Boost provides boost: basic_regex to support regular expressions. The boost: basic_regex design is very similar to std: basic_string:

namespace boost{template <class charT, class traits = regex_traits<charT>, class Allocator = std::allocator<charT> > class basic_regex;typedef basic_regex<char> regex;typedef basic_regex<wchar_t> wregex;}

The documents attached to the Boost Regex library are very rich, and the examples are even more exciting. For example, if there are two example programs and few codes, the program can directly highlight the syntax of the C ++ file, generate the corresponding HTML (converts a C ++ file to syntax highlighted HTML ). The following example splits a string into a string of tags (split a string into tokens ).

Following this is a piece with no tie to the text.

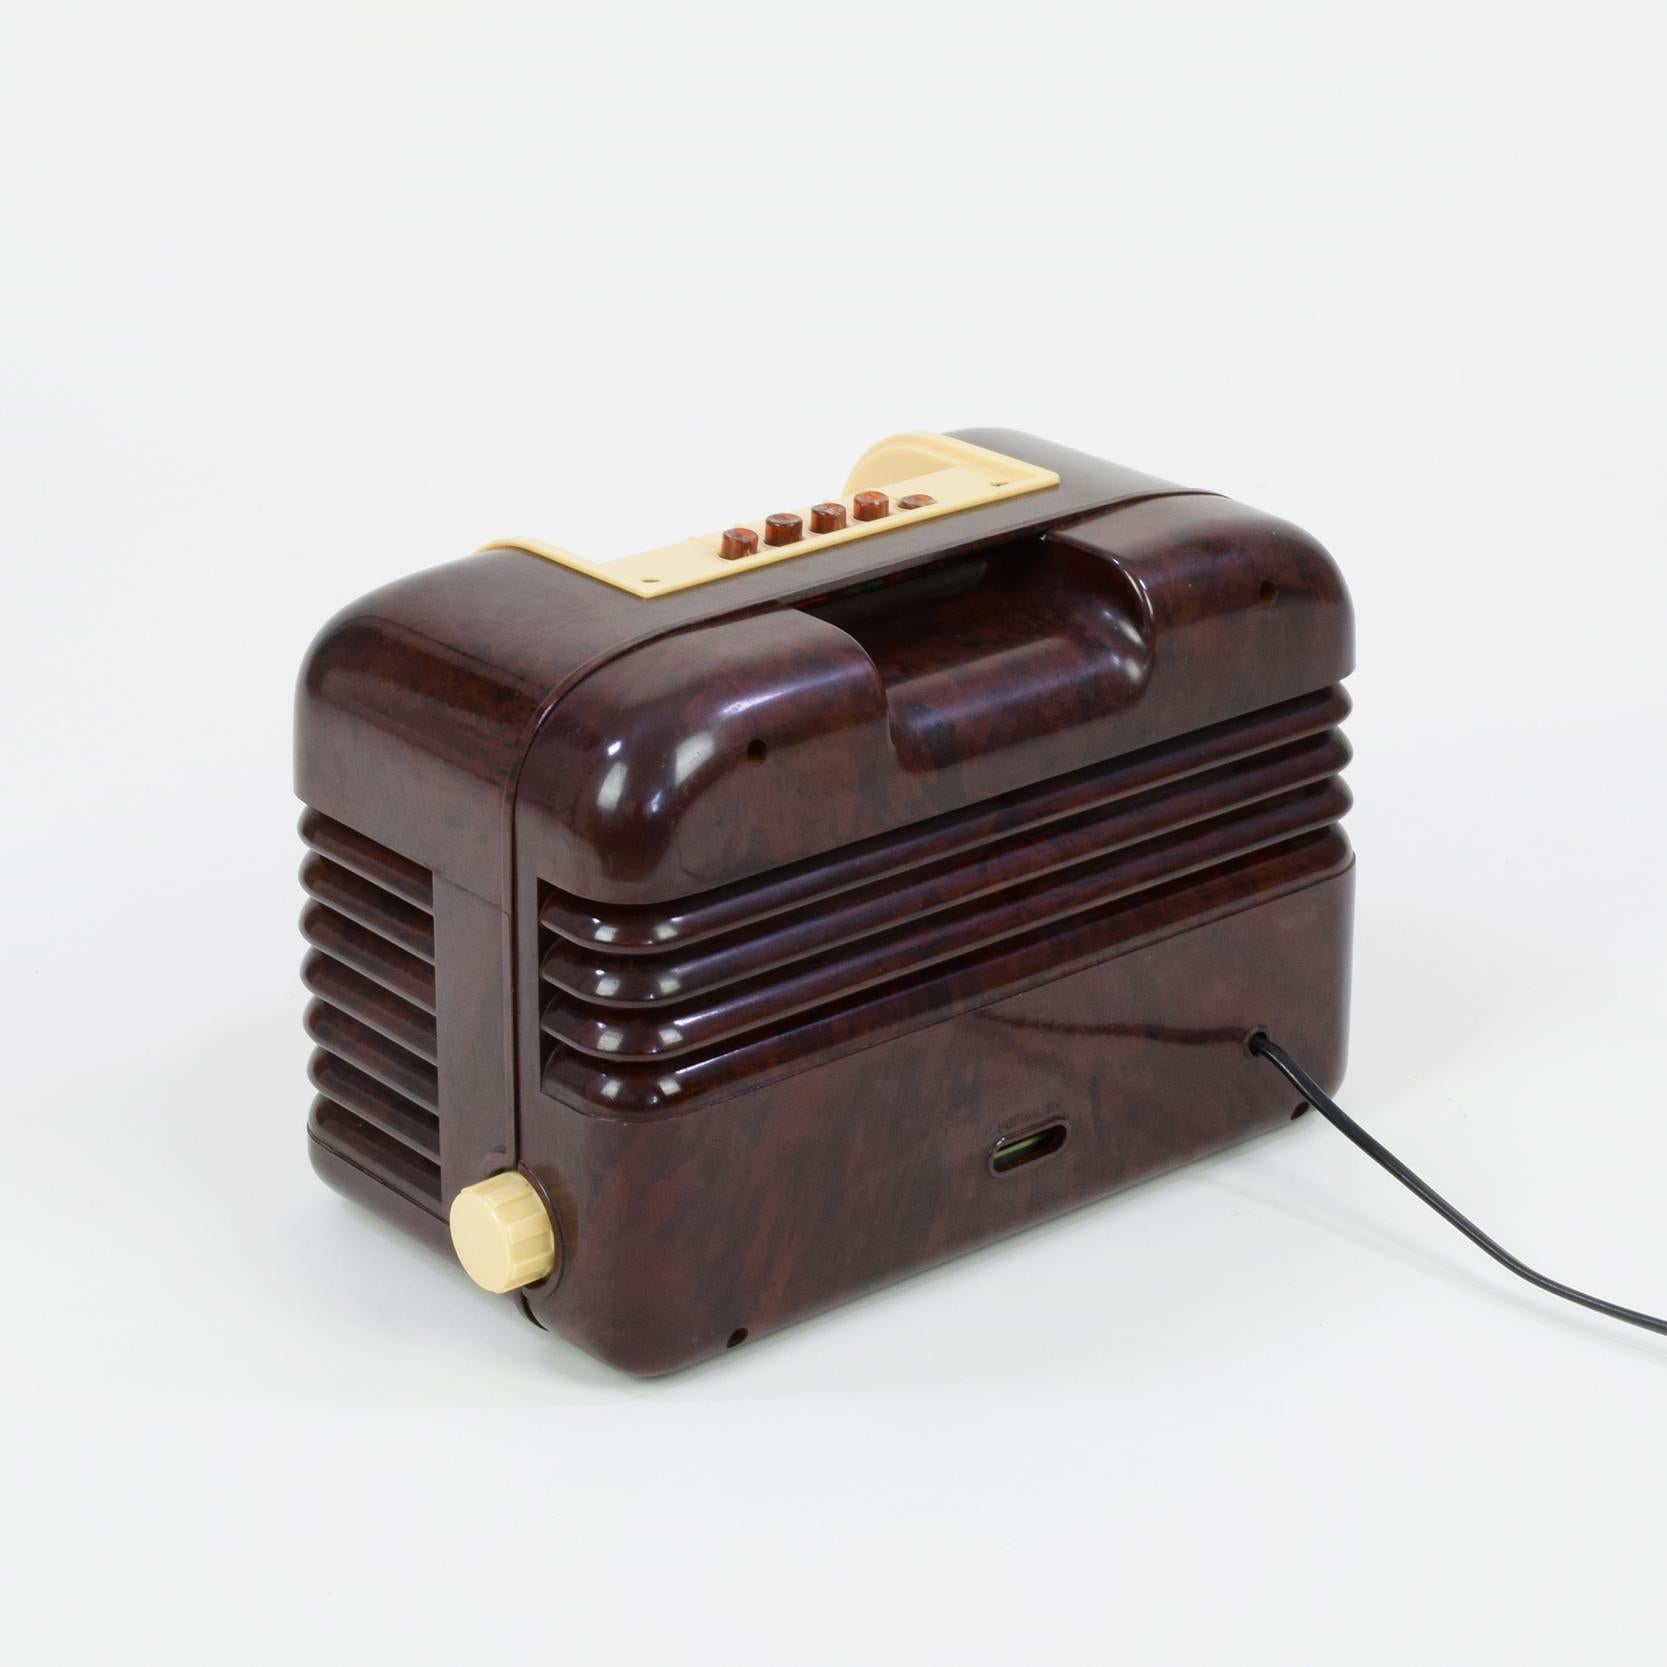 Dutch Bush DAC10 Valve/Tube Radio, 1950s Bakelite Art Deco Styling, in Working Order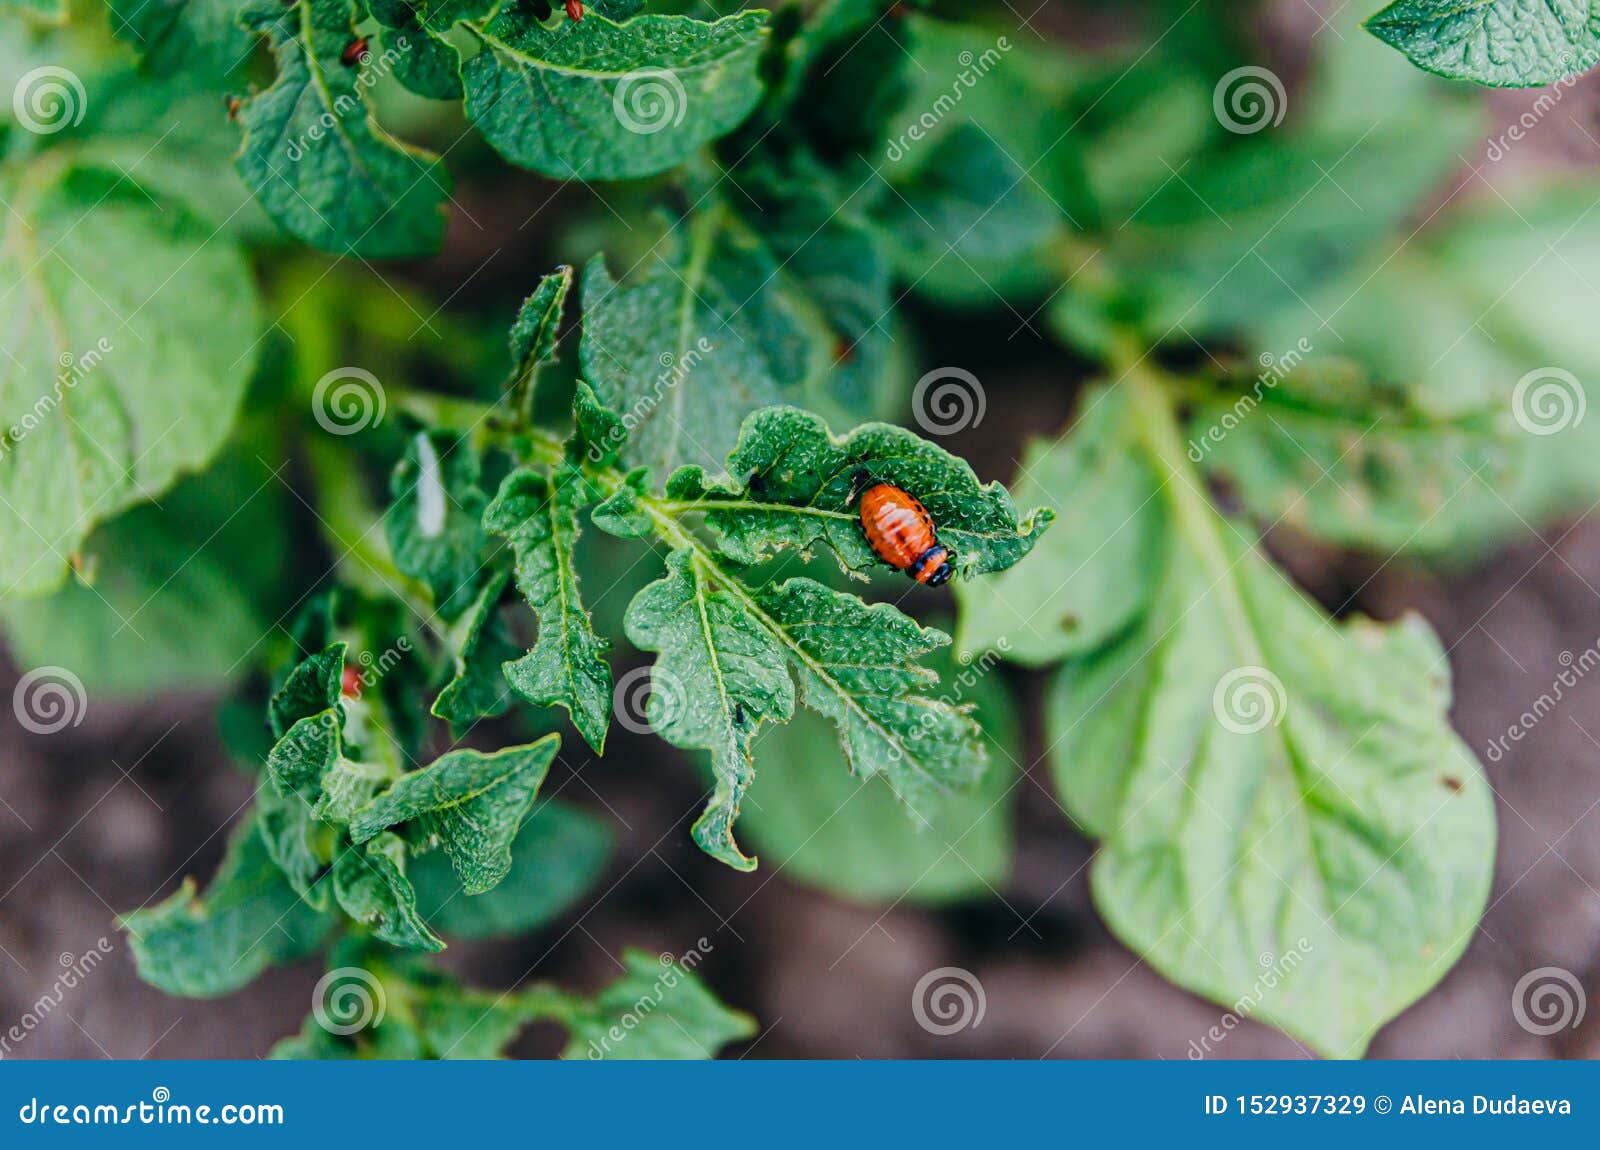 Pests In The Garden The Larva Of The Colorado Potato Beetle Eats

#include <list>#include <boost/regex.hpp>unsigned tokenise(std::list<std::string>& l, std::string& s){   return boost::regex_split(std::back_inserter(l), s);}#include <iostream>using namespace std;#if defined(BOOST_MSVC) || (defined(__BORLANDC__) && (__BORLANDC__ == 0x550))// problem with std::getline under MSVC6sp3istream& getline(istream& is, std::string& s){   s.erase();   char c = is.get();   while(c != ''''\n'''')   {      s.append(1, c);      c = is.get();   }   return is;}#endifint main(int argc){   string s;   list<string> l;   do{      if(argc == 1)      {         cout << "Enter text to split (or \"quit\" to exit): ";         getline(cin, s);         if(s == "quit") break;      }      else         s = "This is a string of tokens";      unsigned result = tokenise(l, s);      cout << result << " tokens found" << endl;      cout << "The remaining text is: \"" << s << "\"" << endl;      while(l.size())      {         s = *(l.begin());         l.pop_front();         cout << s << endl;      }   }while(argc == 1);   return 0;}

Http://topic.csdn.net/t/20040818/10/3285376.html
ASP. NET fully supports regular expression processing. Regular Expressions provide an advanced but not intuitive method for string matching and processing. If you have used regular expressions
As you all know, regular expressions are very powerful, but they are not so easy to learn.

For example:

Mailto: % 5E. + @. + \... + $

This effective but incomprehensible code is enough to make some programmers have a headache (I am) or let them give up using regular expressions. I believe that after reading this tutorial, you can
To understand the meaning of this Code.

Basic mode matching

Everything starts from the most basic. Pattern is the most basic element of a regular expression. They are a set of characters that describe character strings. The mode can be very simple, with common characters
It can also be very complex. special characters are often used to indicate characters in a range, repeated occurrences, or context. For example:

^ Once

This mode contains a special character ^, indicating that this mode only matches strings starting with once. For example, this mode matches the string "once upon a time,
It does not match "There once was a man from NewYork. Like a ^ symbol, $ is used to match strings ending in a given pattern.

Bucket $

This mode matches "Who kept all of this cash in a bucket" and does not match "buckets. Exact match (string and Mode 1)
Sample ). For example:

^ Bucket $

Only matches the string "bucket ". If a mode does not include ^ and $, it matches any string containing this mode. Example: Mode

Once

And string

There once was a man from NewYork
Who kept all of his cash in a bucket.

Is matched.

In this mode, letters (o-n-c-e) are literal characters, that is, they indicate the letter itself, and numbers are the same. Other slightly complex characters, such as punctuation
Escape sequences are used for symbols and white characters (such as spaces and tabs. All escape sequences start with a backslash. The escape sequence of the tab is \ t. So if I
You can use this mode to check whether a string starts with a Tab character:

^ \ T

Similarly, \ n is used to represent a new line, and \ r is used to represent a carriage return. Other special symbols can be used with a backslash in front. For example, the backslash itself is represented by \, and the period is represented \..
This type of push.

Character Cluster

In INTERNET programs, regular expressions are usually used to verify user input. After you submit a FORM, you must determine the entered phone number, address,
If the EMAIL address or credit card number is valid, it is not enough to use common literal-based characters.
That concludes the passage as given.